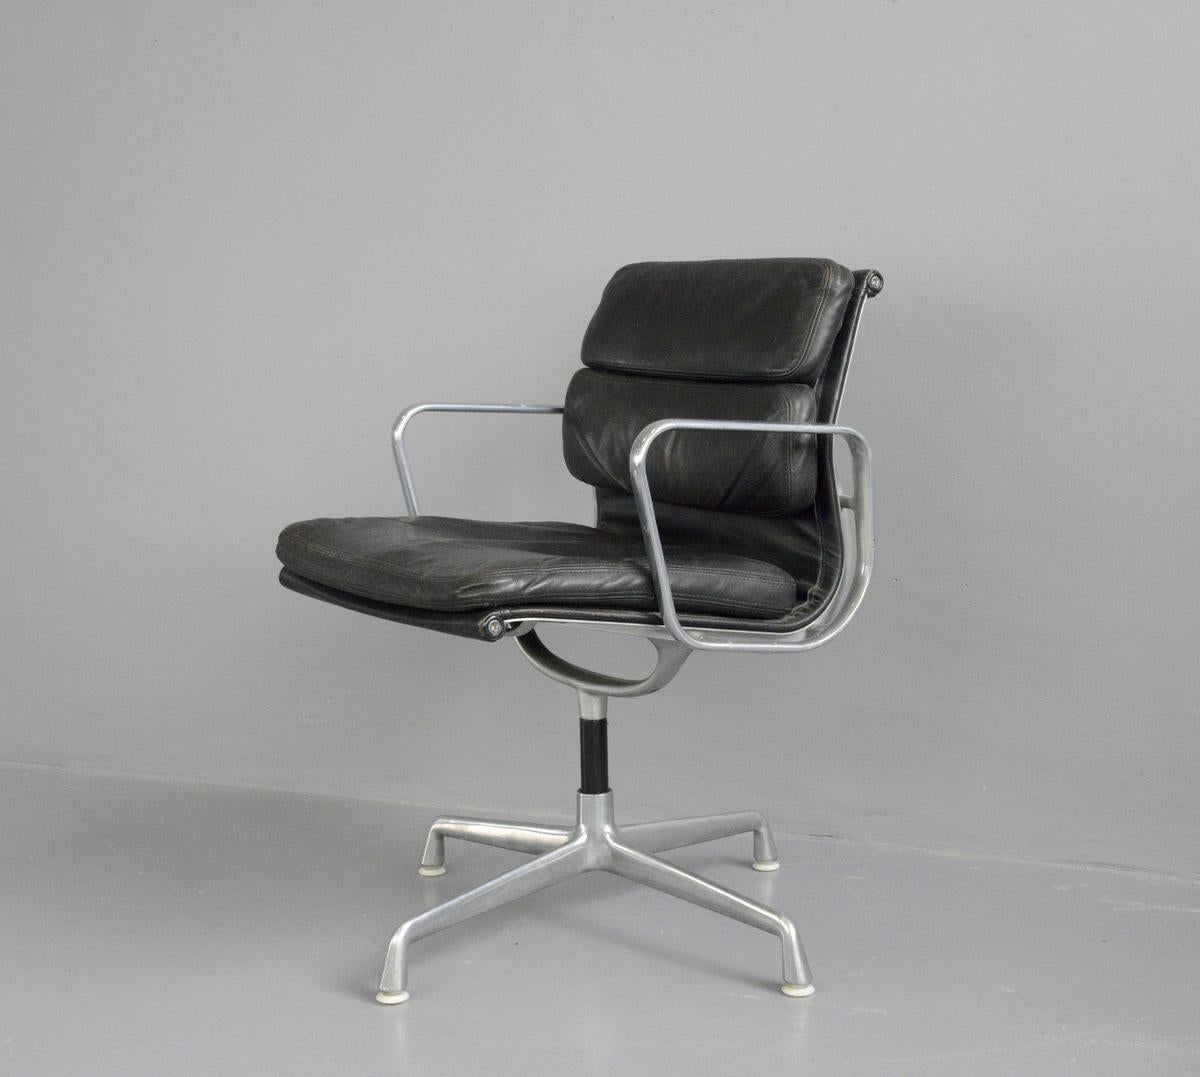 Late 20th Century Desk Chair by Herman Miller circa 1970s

--- --- ---

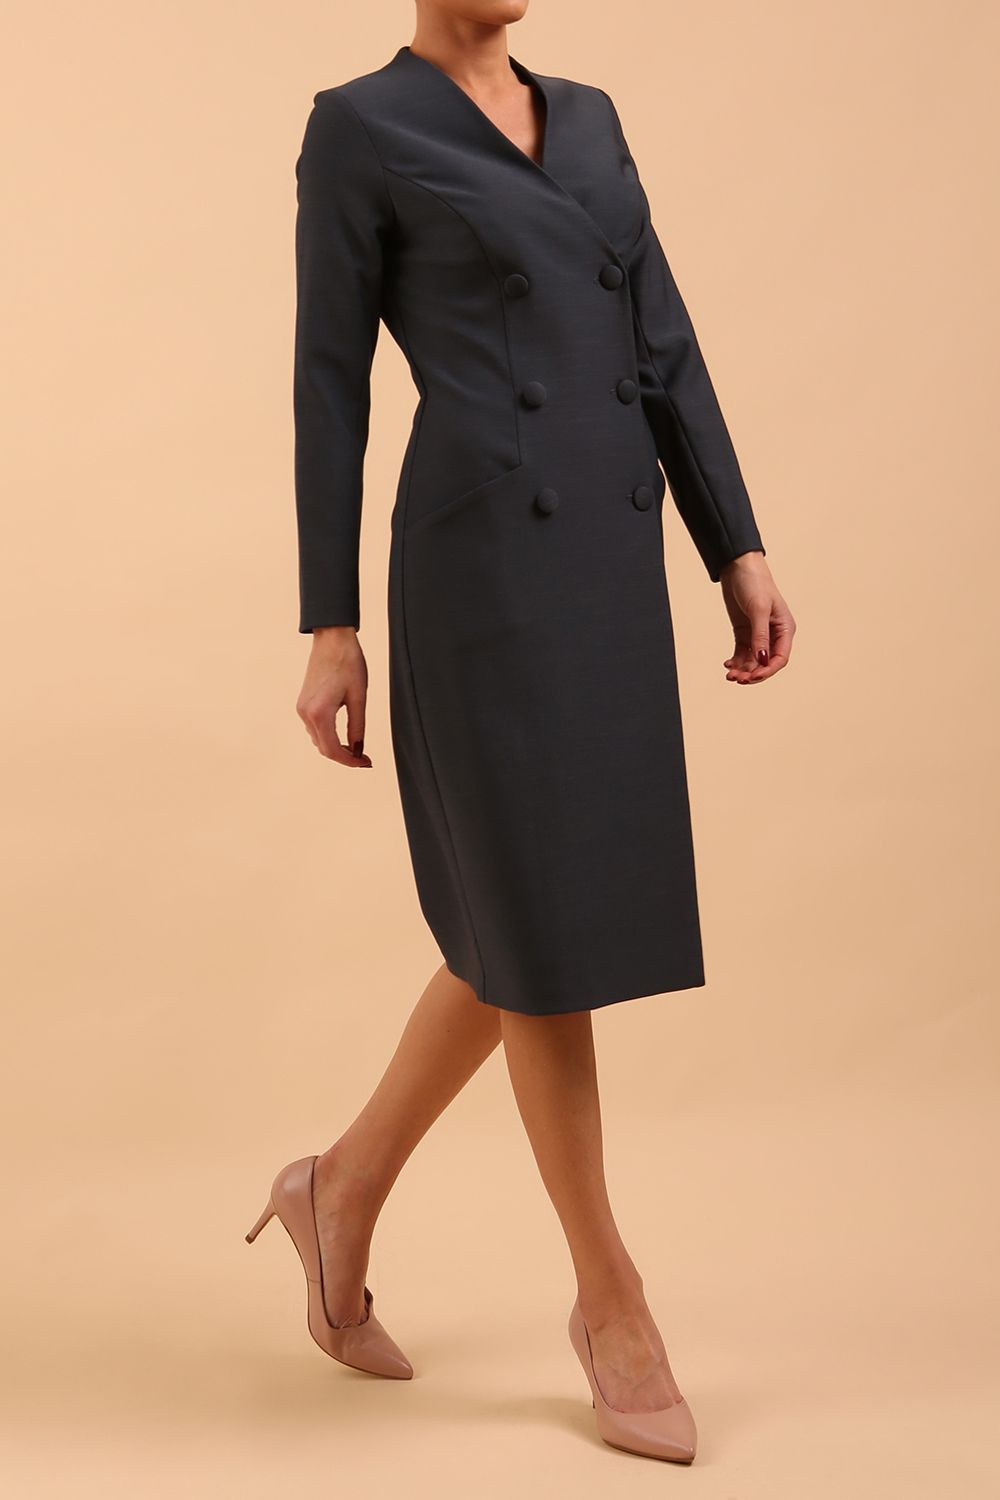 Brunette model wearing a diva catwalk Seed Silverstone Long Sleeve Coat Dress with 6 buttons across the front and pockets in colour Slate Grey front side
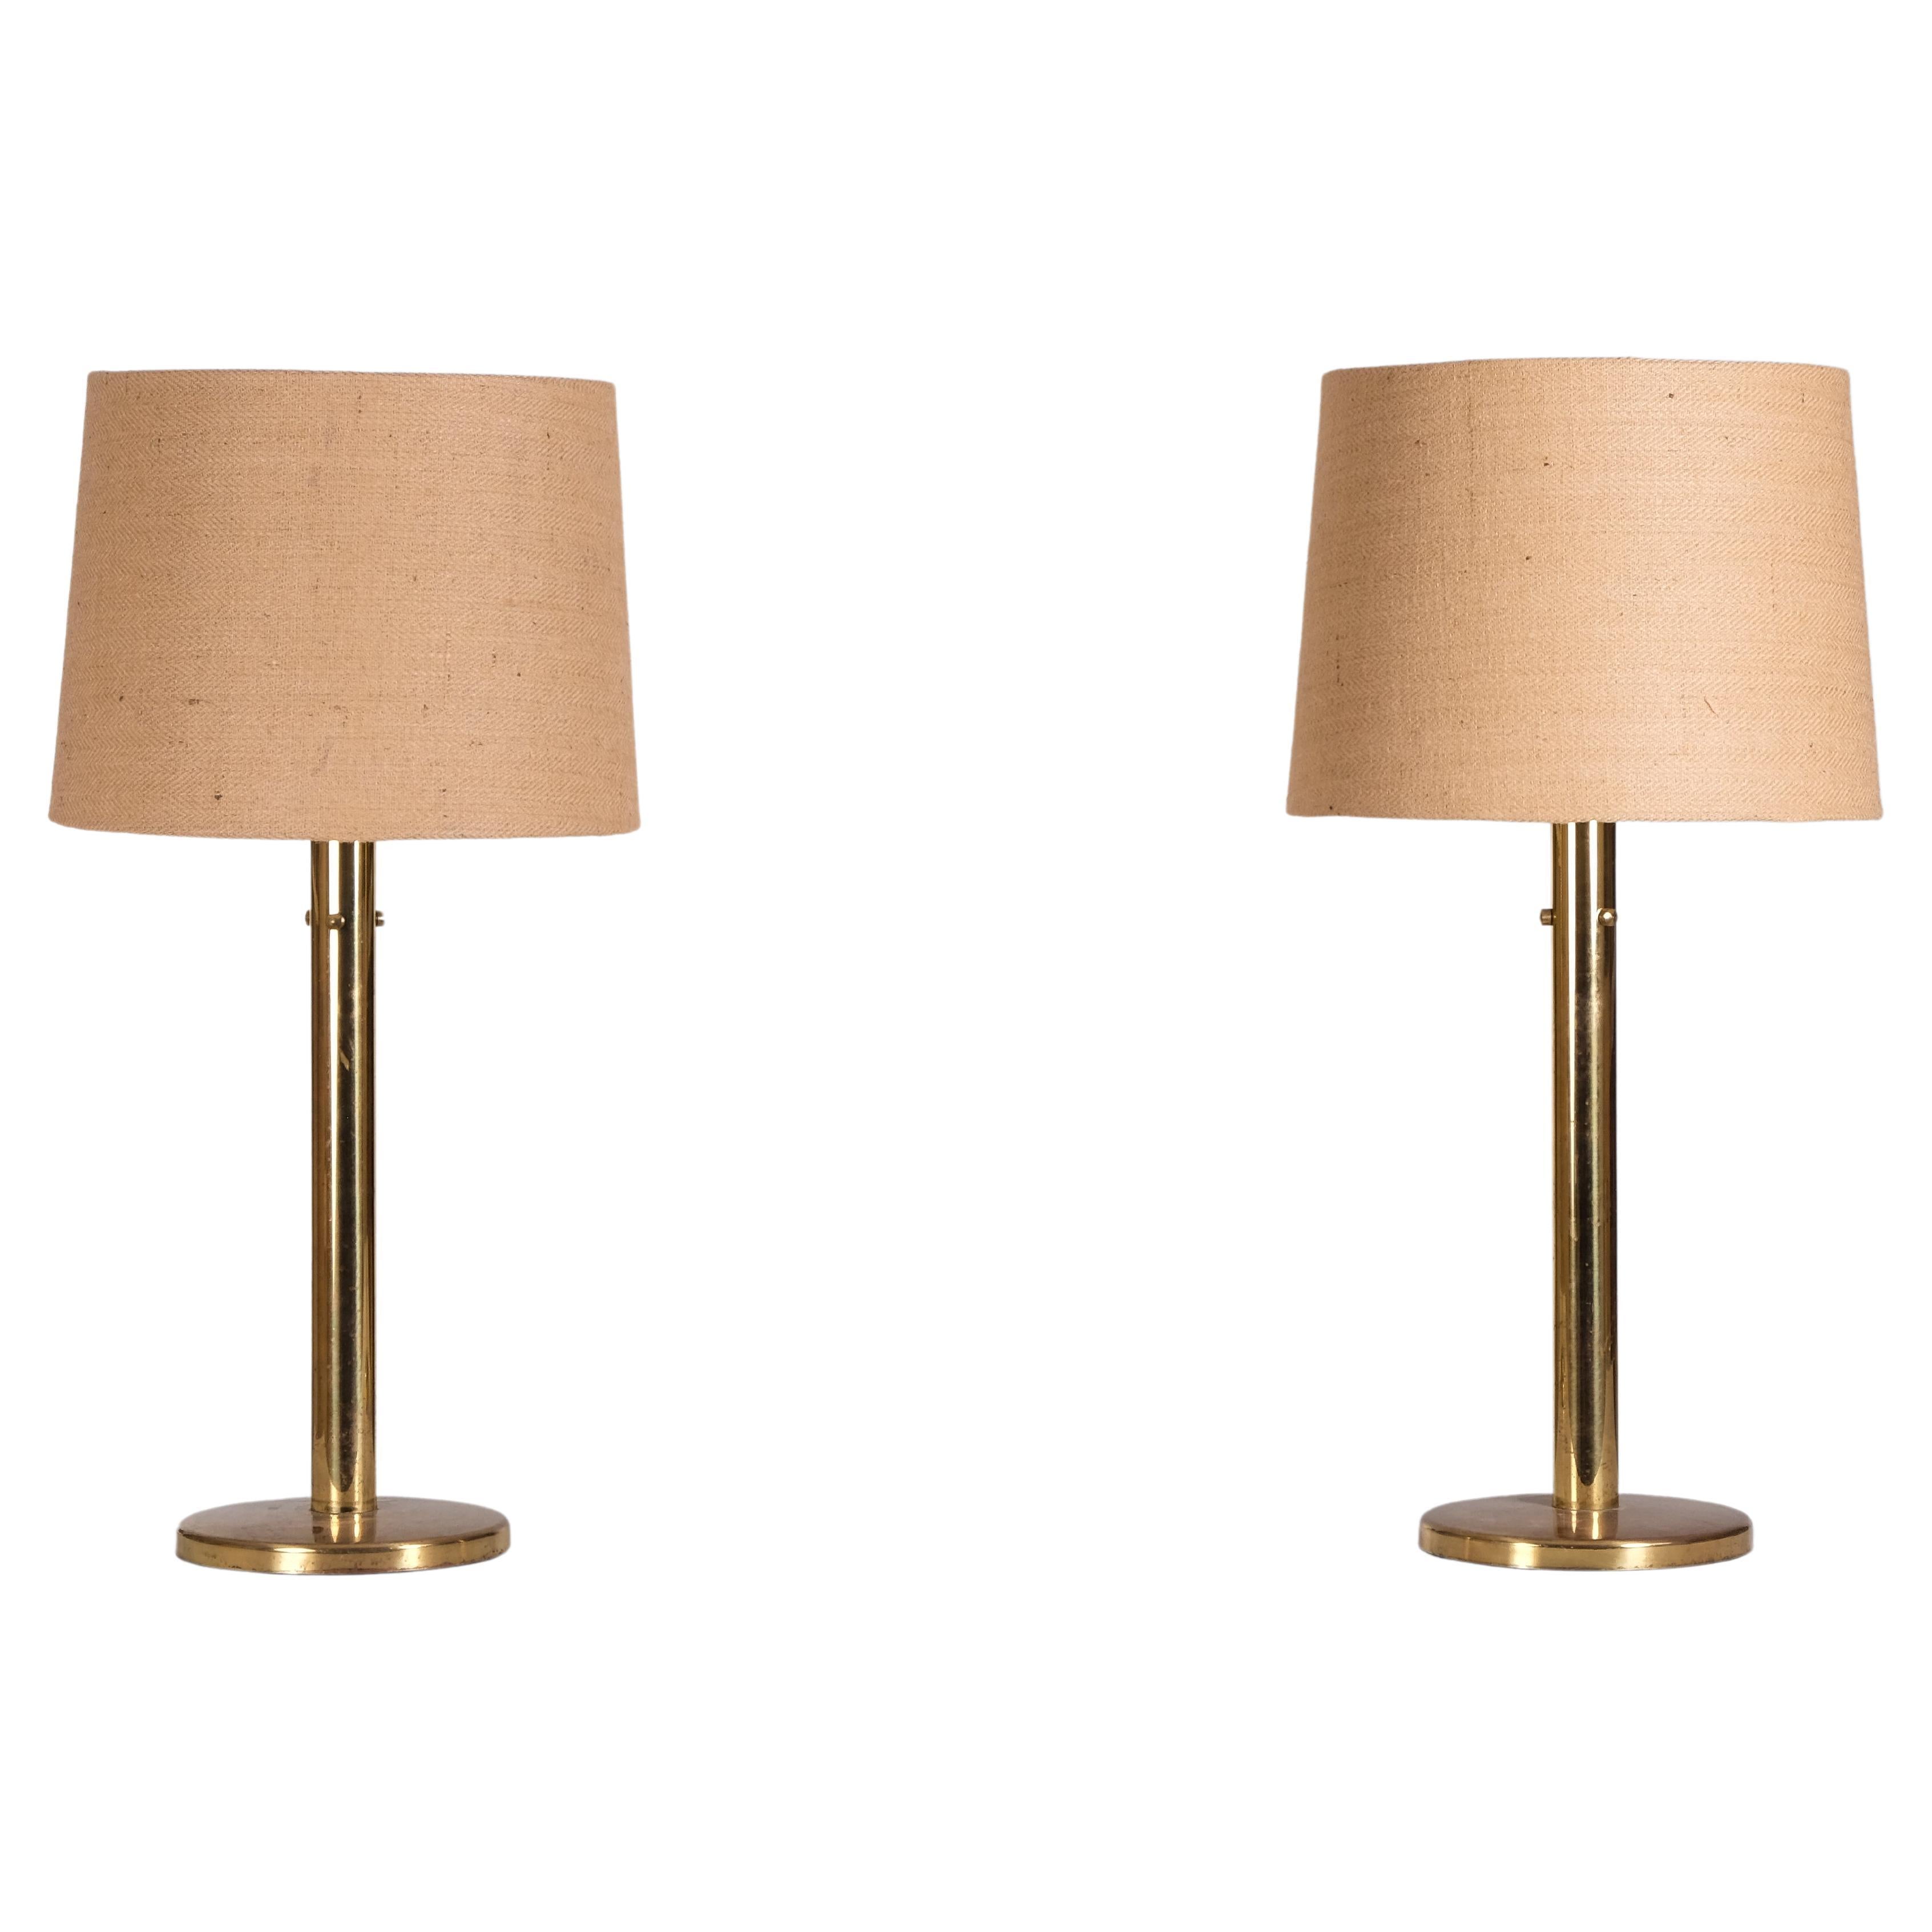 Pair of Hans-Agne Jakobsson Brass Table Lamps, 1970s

--- --- ---

### Work item:
Your reply should hold nothing but the lines above, from the one containing "Brunette model wearing" to the one containing "Pair of Hans-Agne", reproduced exactly minus the pictures.

### Completed exercise:
 Brunette model wearing a diva catwalk Seed Silverstone Long Sleeve Coat Dress with 6 buttons across the front and pockets in colour Slate Grey front side
 Pair of Hans-Agne Jakobsson Brass Table Lamps, 1970s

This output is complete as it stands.